Conclusions: DNA methylation profiling improves diagnostic accuracy and risk stratification in adult intracranial ependymoma. The molecular class of PF-SE is unexpectedly prevalent among adult tumors with ependymoma histology and relapsed as frequently as EPN-PFB, despite the supposed benign nature. GTR and radiotherapy may represent key factors in determining the outcome of EPN-PFB patients.

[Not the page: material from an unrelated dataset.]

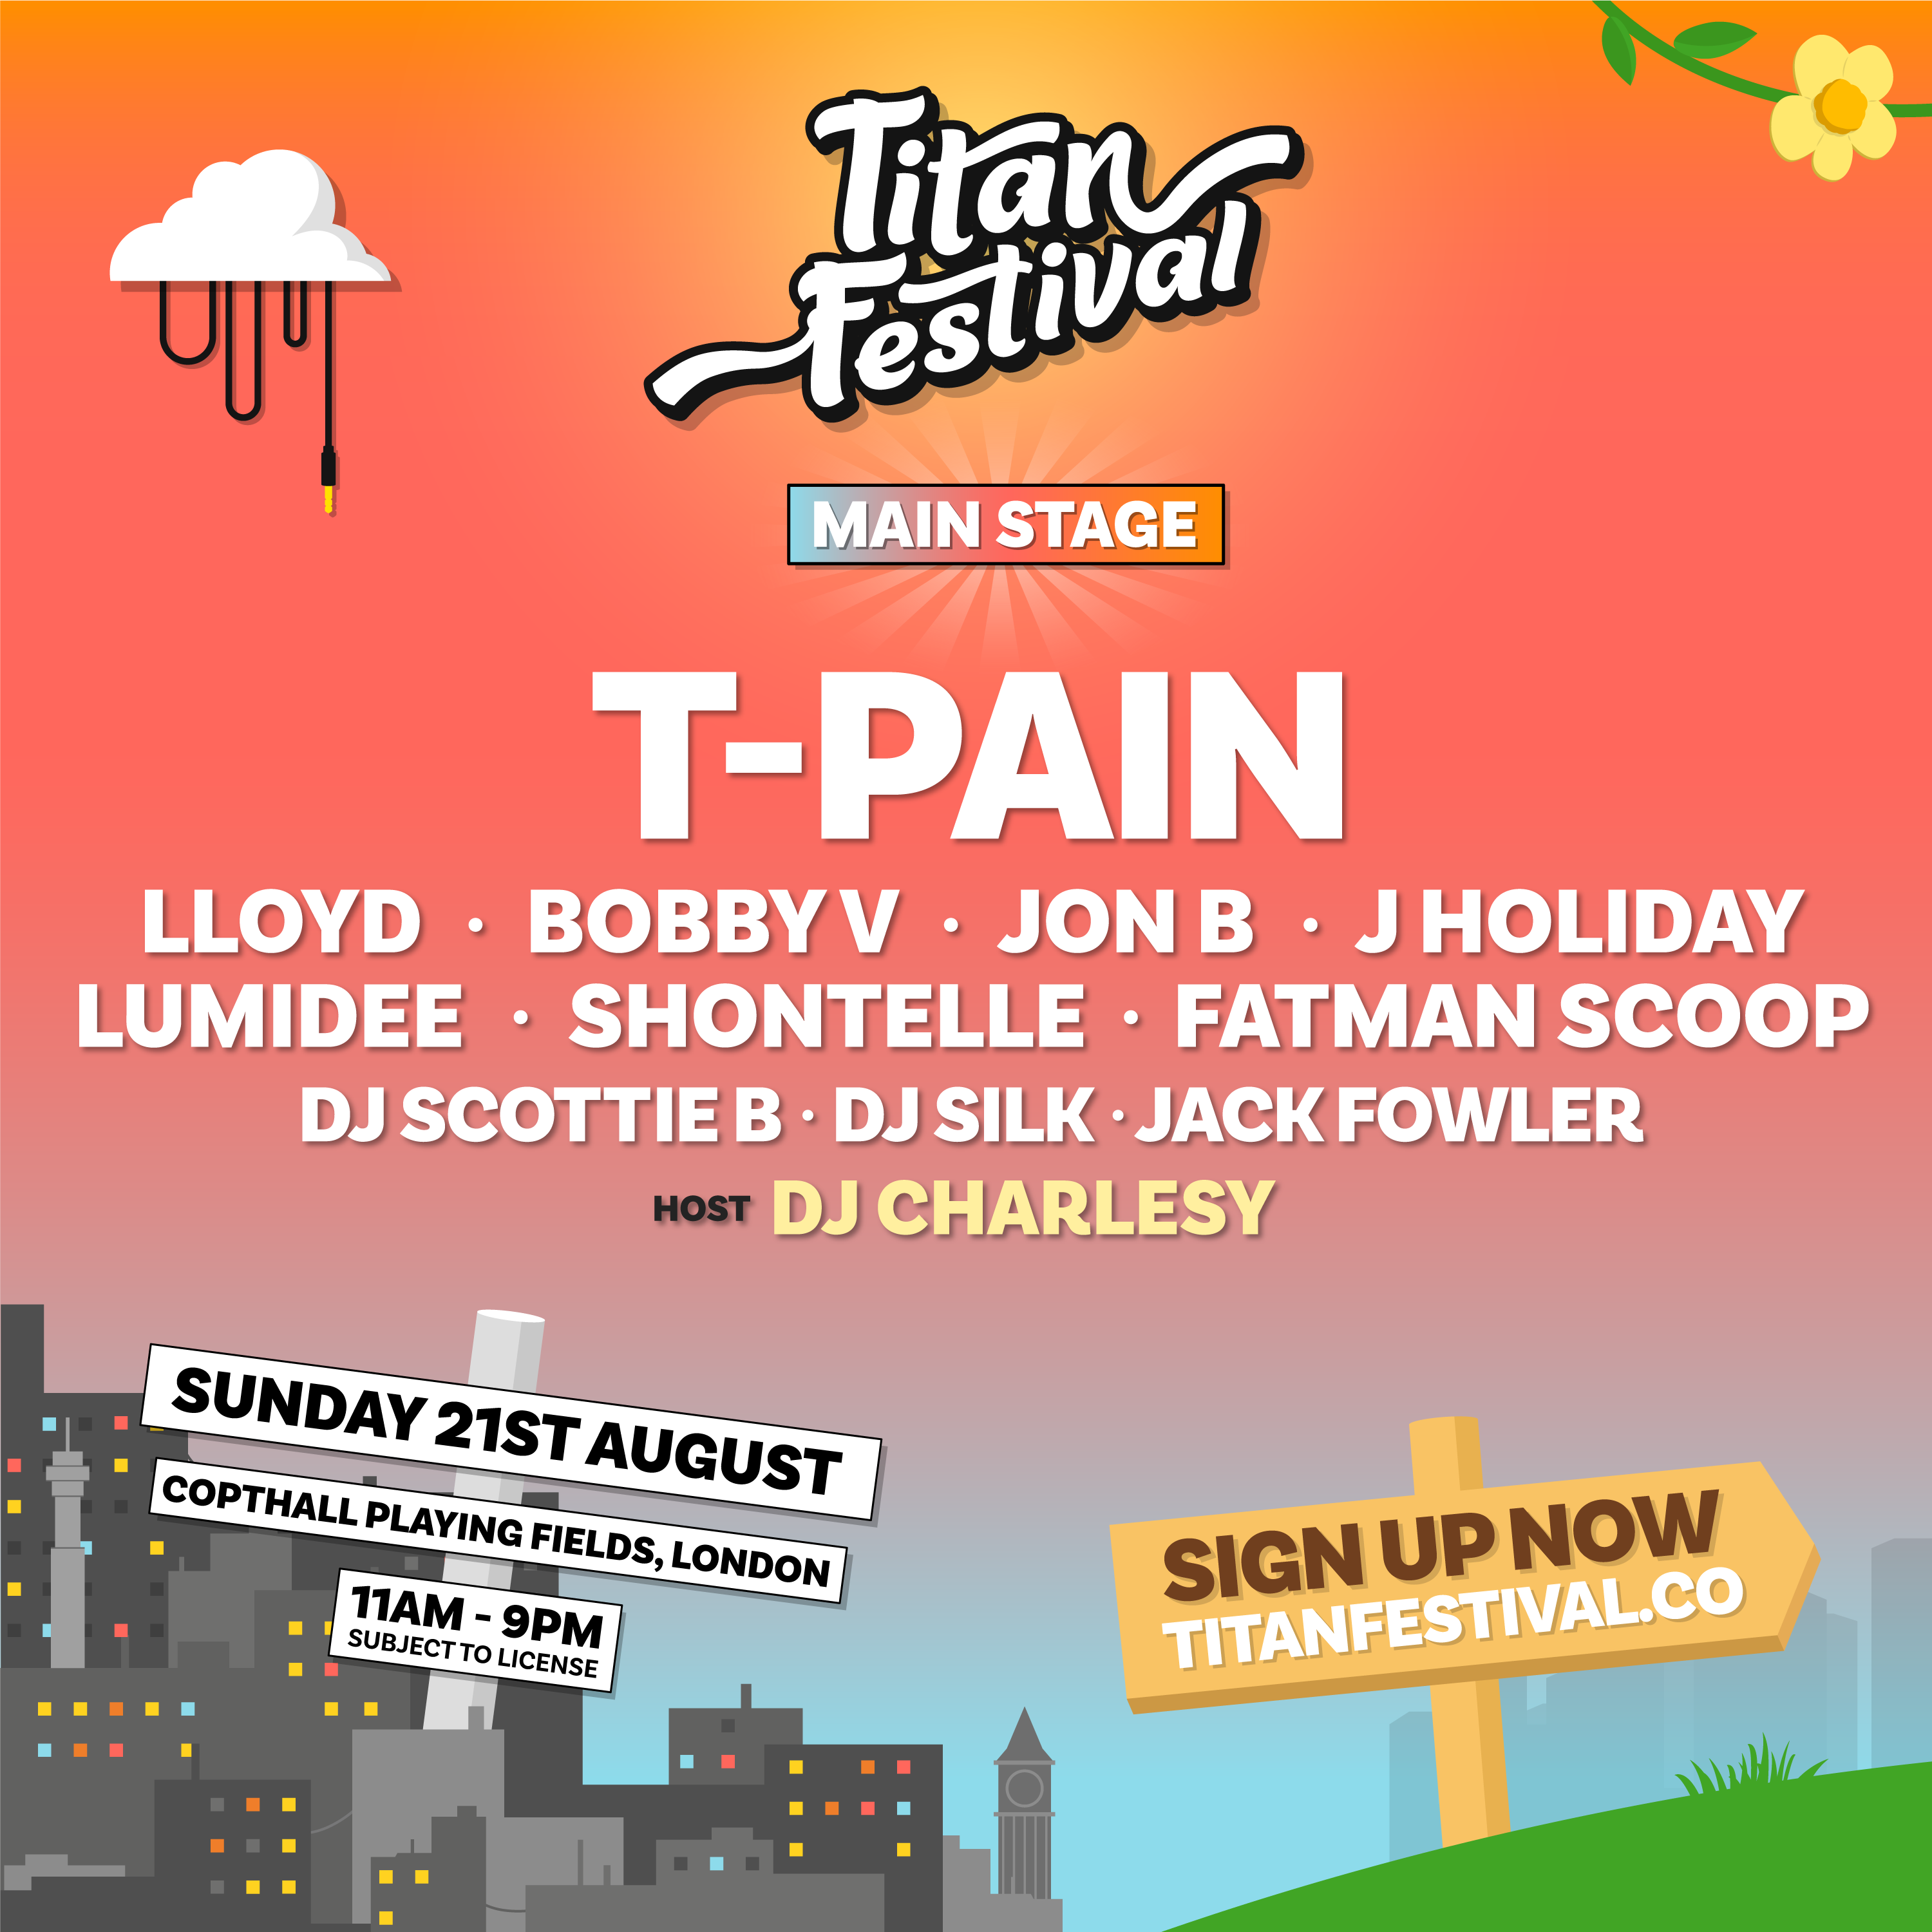 THE CREATORS OF 51ST FESTIVAL ANNOUNCE THE LINEUP FOR THEIR NEW FESTIVAL TITAN 2022

Keywords: DNA methylation; adult; ependymoma; intracranial; radiotherapy.

Figure 1.

Reassessment of histologically diagnosed supratentorial (A) and infratentorial (B) ependymoma in adults by DNA methylation profiling. Molecular analyses resulted in the classification of tumors as either belonging to an ependymal class (ependymoma and subependymoma, green), or cases were reclassified into other defined molecular brain tumor classes (yellow) or were not classifiable (gray/black). Abbreviations: A IDH = astrocytoma, IDH-mutant, C-NC = central neurocytoma, CNS BCOR = neuroepithelial tumor with BCOR alteration, CPP = choroid plexus papilloma A, EPN-PFA = ependymoma posterior fossa group A, EPN-PFB = ependymoma posterior fossa group B, GBM IDHwt = glioblastoma IDH wild type, HGG NEC = high-grade glioma not elsewhere classified, HGNET MN1 = high grade neuroepithelial tumor with MN1 alteration, PF-SE = posterior fossa subependymoma, PTPR = papillary tumor of the pineal region, PXA = pleomorphic xanthoastrocytoma, RGNT = rosette-forming glioneuronal tumor, EPN-ZFTA = supratentorial ZFTA fusion-positive ependymoma, spinal EPN = spinal ependymoma, ST-SE = supratentorial subependymoma.

Figure 2.

Kaplan–Meier curves showing progression-free survival (PFS, left) and overall survival (OS, right). Above diagrams show survival by histological tumor grade for the whole cohort of adult patients with diagnosis of ependymoma prior to DNA methylation profiling (A and B) and for the group of ependymal tumors confirmed by DNA methylation profiling (C and D). Notably, histological tumor grade was no longer a predictor of survival after exclusion of tumors that were non-ependymal and non-classifiable after DNA-methylation profiling. Panels (E and F) show that PFS and OS did not differ significantly between the three major molecular classes of adult intracranial ependymoma. Panels (G and H) show that confirmed ependymal tumors generally had a better PFS and OS in comparison to the groups of other tumor types and non-classifiable tumors as indicated by the classifier demonstrating the clinical importance of DNA methylation profiling. Abbreviations: EPN-PFB = posterior fossa ependymoma group B, EPN-ZFTA = supratentorial ZFTA fusion-positive ependymoma, PF-SE/E = posterior fossa subependymoma molecular class with ependymoma histology.

Figure 3.

Kaplan–Meier diagrams showing progression-free survival (PFS) for EPN-PFB tumors. No difference in PFS was seen by histological tumor grade in this molecular class (A). In EPN-PFB patients receiving only surgery gross total resection was associated with improved PFS (B). Use of postoperative radiotherapy showed a tendency to a longer PFS in EPN-PFB tumors regardless of resection status (C). In the subgroup of incompletely resected EPN-PFB tumors, adjuvant radiotherapy was significantly associated with PFS (D).

Figure 4.

Kaplan–Meier diagrams showing progression-free survival (PFS) of PF-SE tumors in a combined data analysis of the current series and the series by Thomas et al. PFS is shorter in the presence of pure ependymoma histology (A), TERT promoter mutation (B) and, with borderline significance, loss of chromosome 6 (C). The absence of all these factors is associated with a favorable prognosis (D). The changes were more common in elderly patients. This correlation was significant for TERT promoter mutations (P < .001*, E).